> [WHAT IS REQUIRED]: Transcribe the full listing below, word for word, without pictures.

> [GIVEN MATERIAL]:
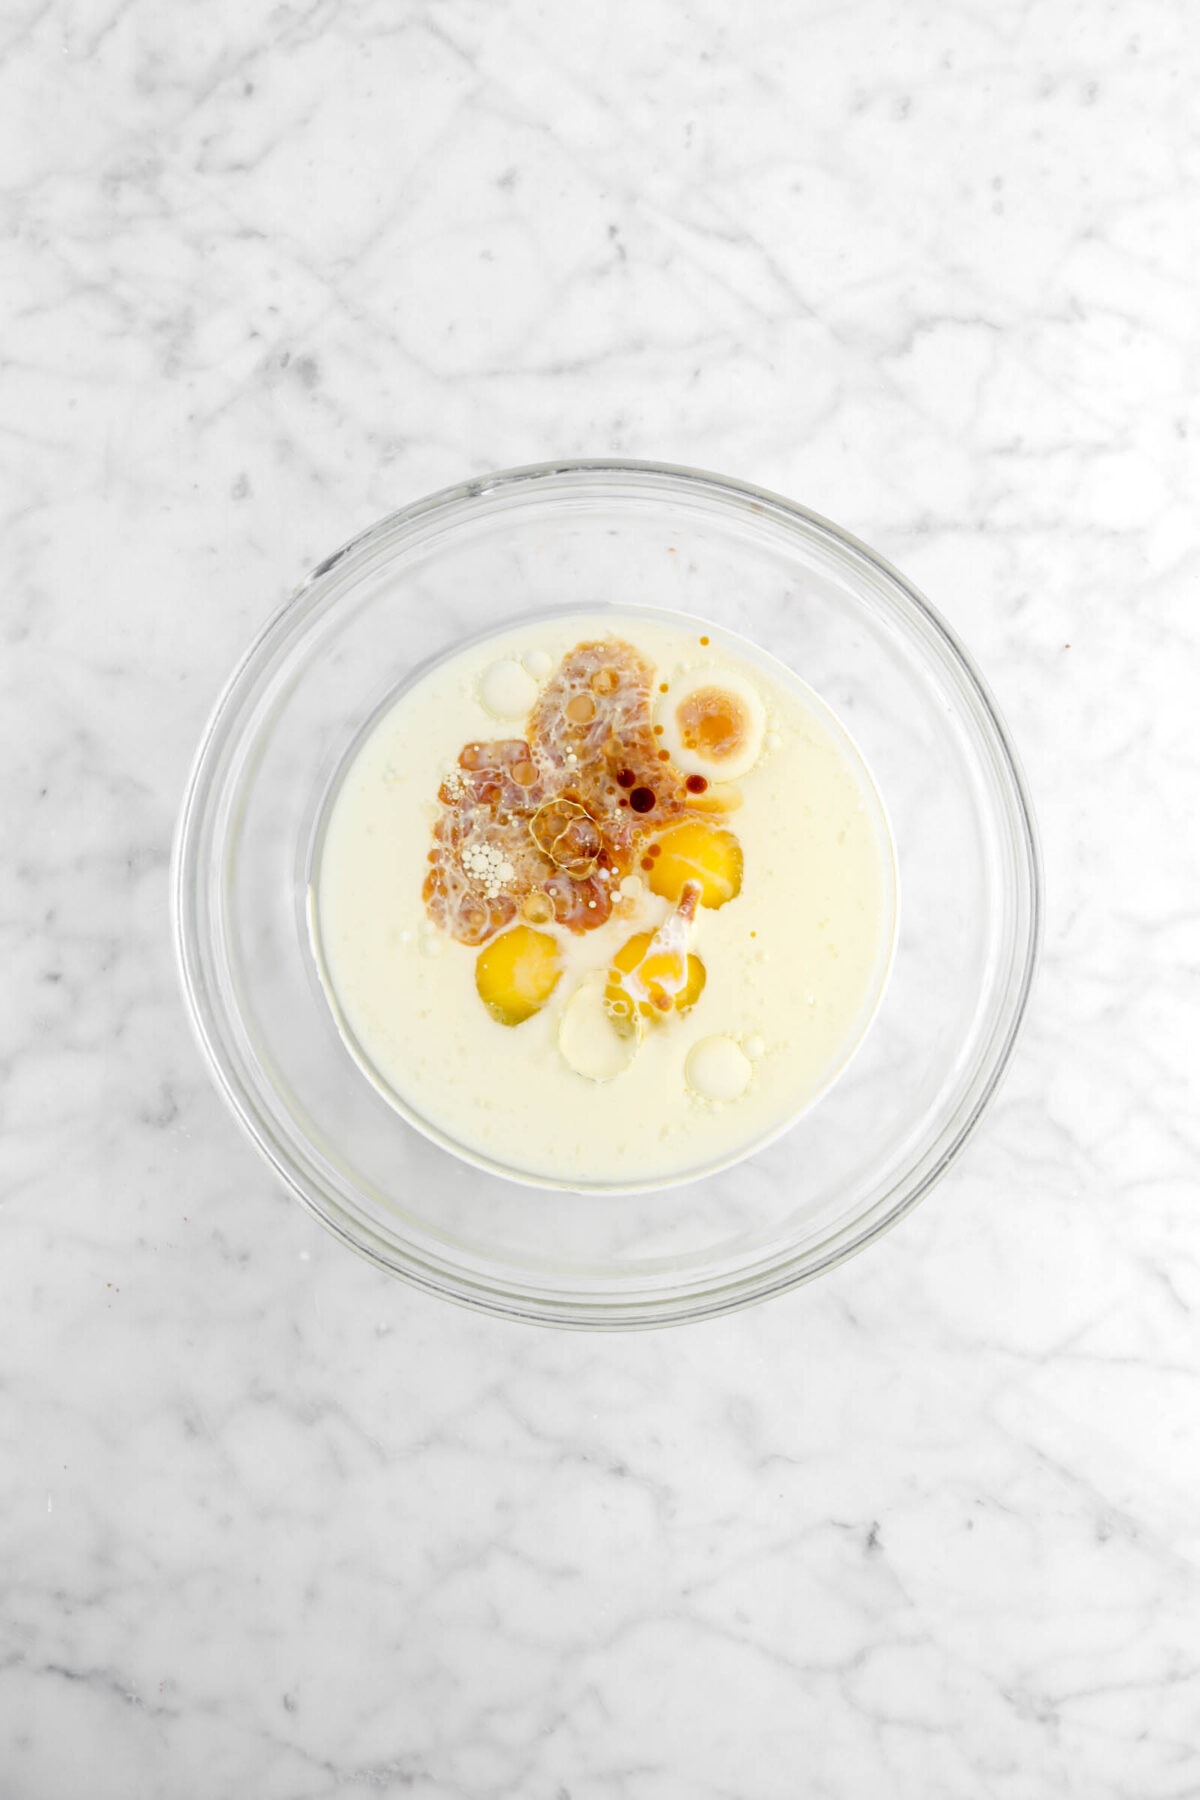 oil, milk, eggs, and vanilla in glass bowl
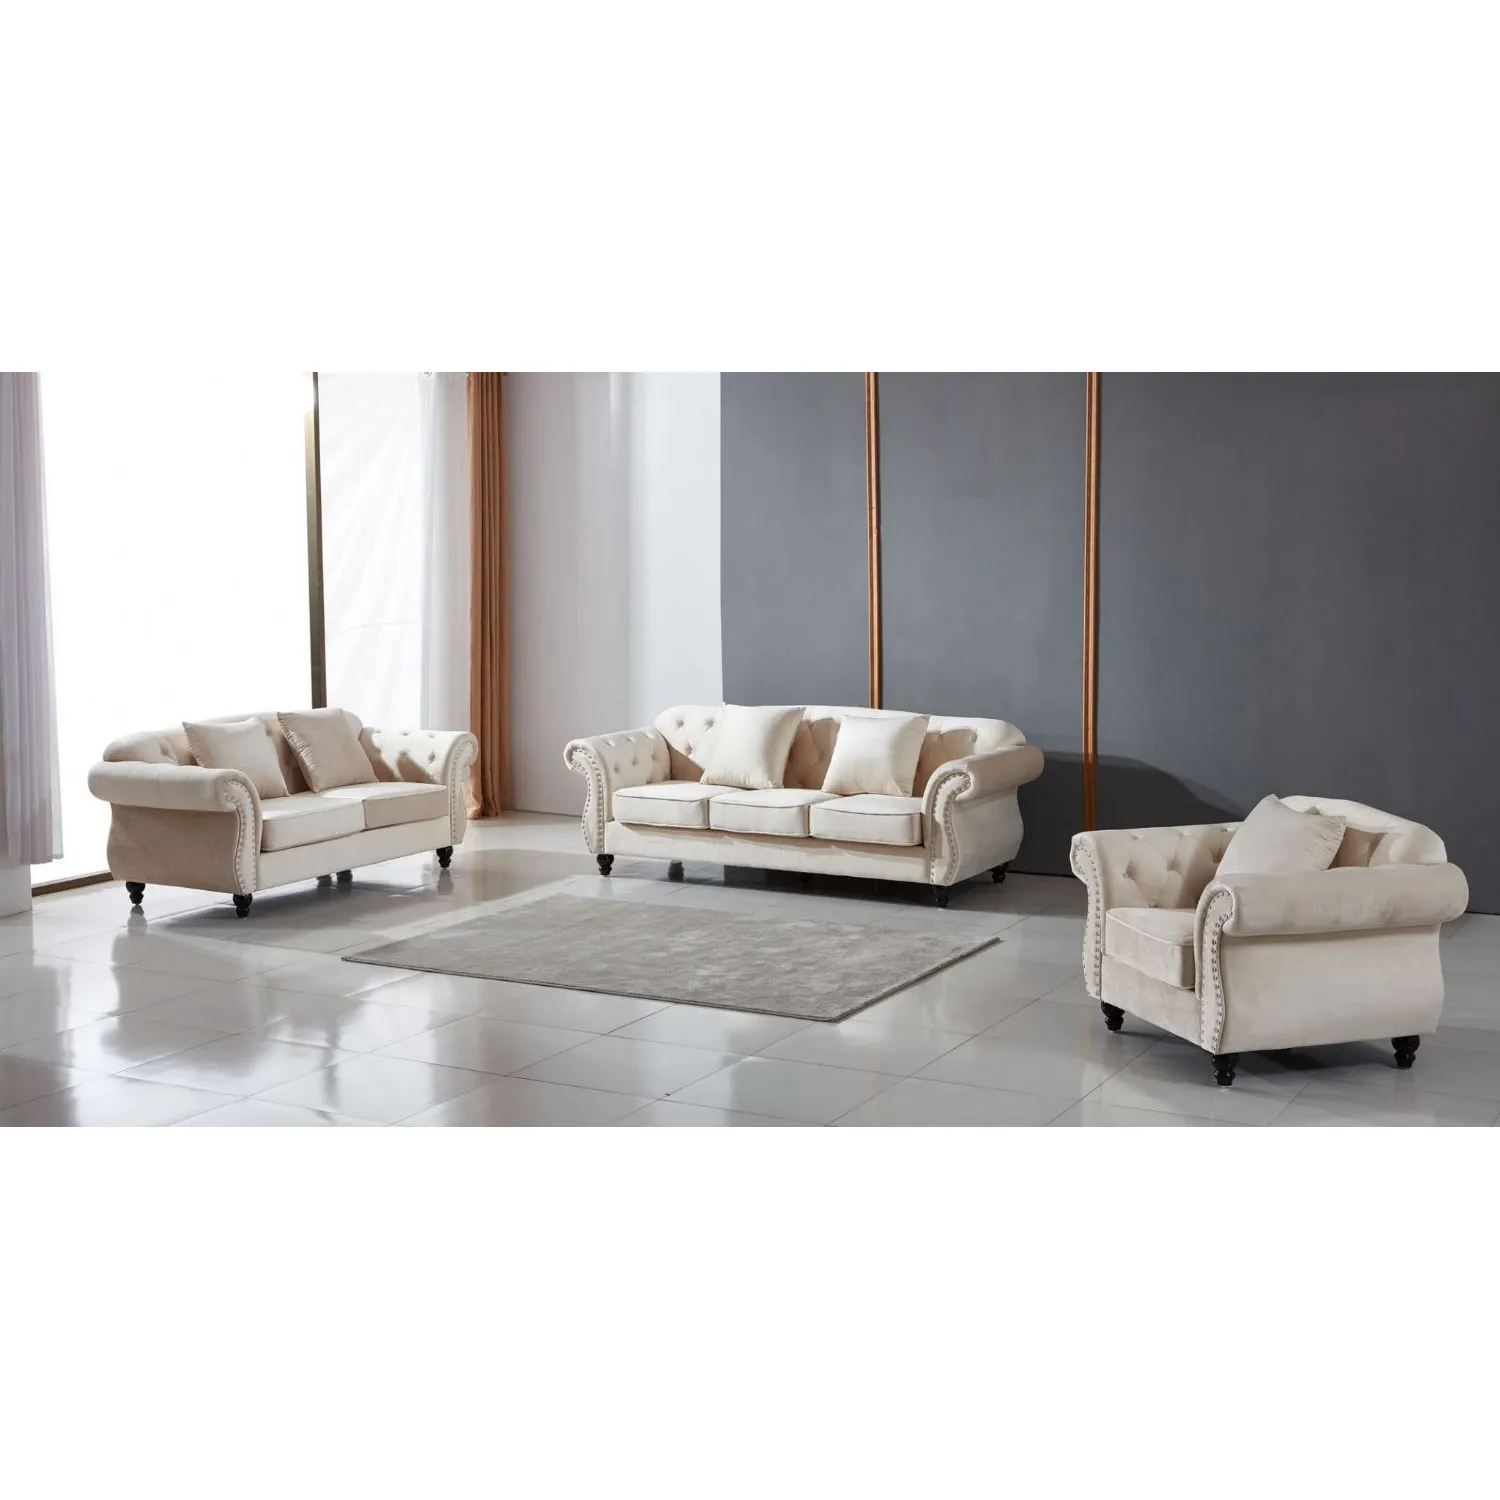 Arabella Sofa Suite In Plush Velvet Beige 3 + 2 + 1 Seater
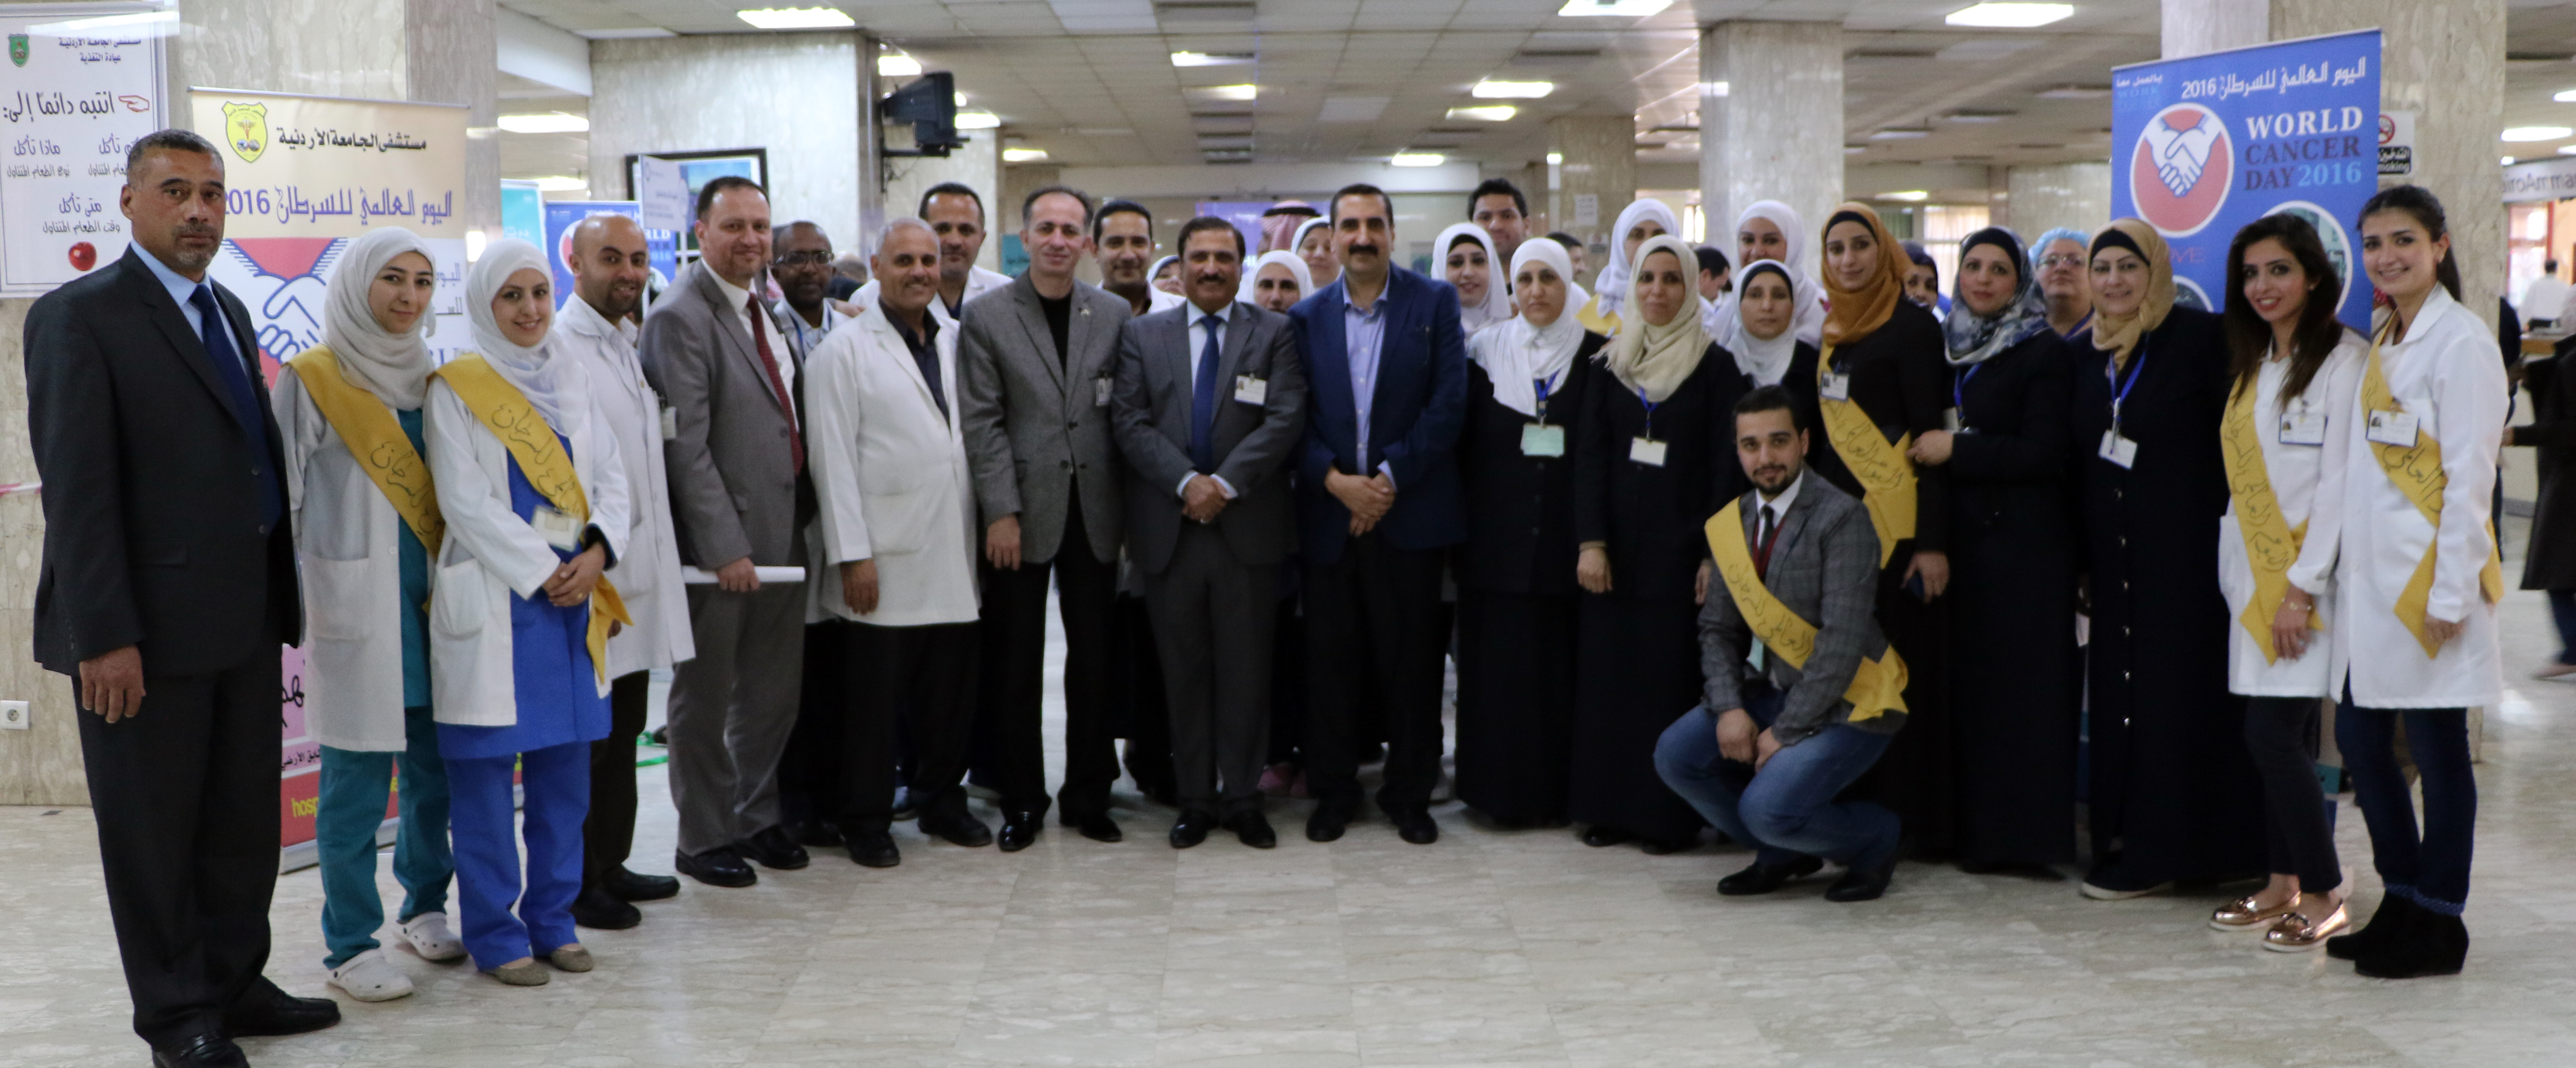 دائرة التمريض في مستشفى الجامعة الأردنيّة تُنظّم يوماً توعويّاً بعنوان "معاً لمكافحة مرض السرطان"
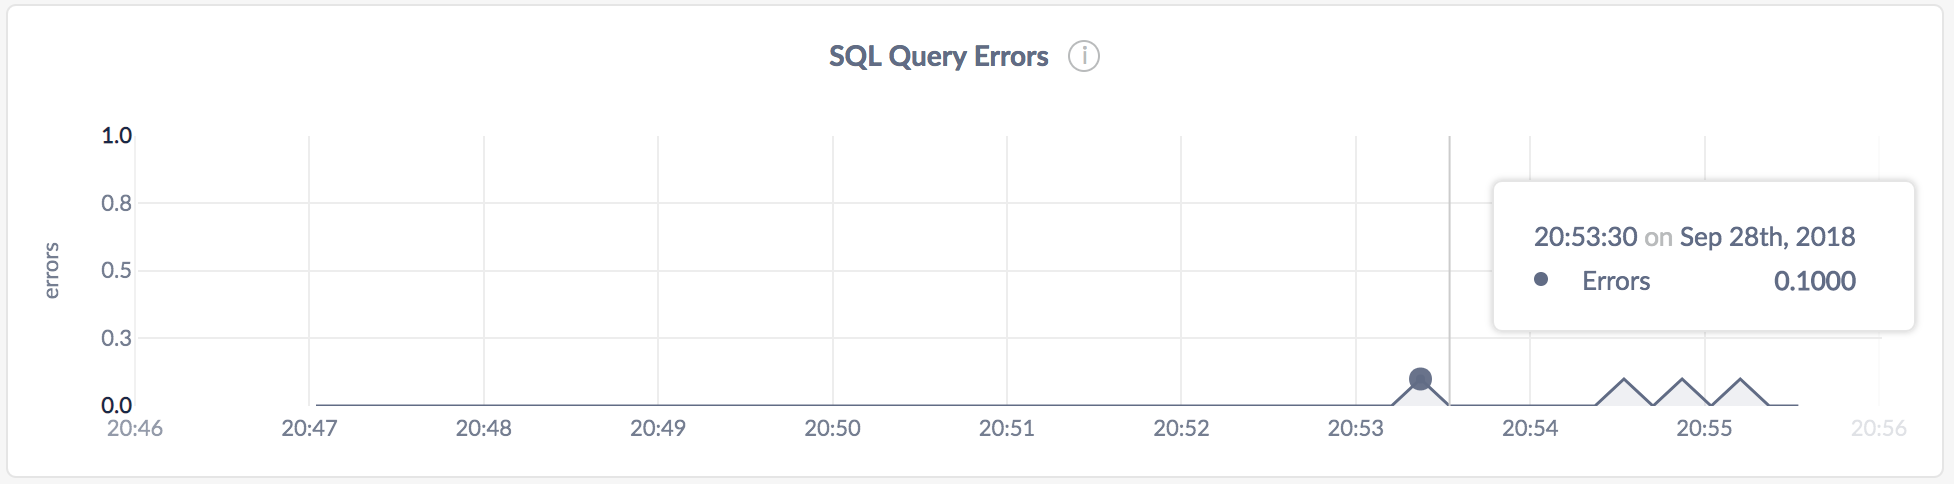 DB Console SQL Query Errors

> [OUTPUT OF THE EXERCISE]:
 oil, milk, eggs, and vanilla in glass bowl
 Arabella Sofa Suite In Plush Velvet Beige 3 + 2 + 1 Seater
 دائرة التمريض في مستشفى الجامعة الأردنيّة تُنظّم يوماً توعويّاً بعنوان "معاً لمكافحة مرض السرطان"
 DB Console SQL Query Errors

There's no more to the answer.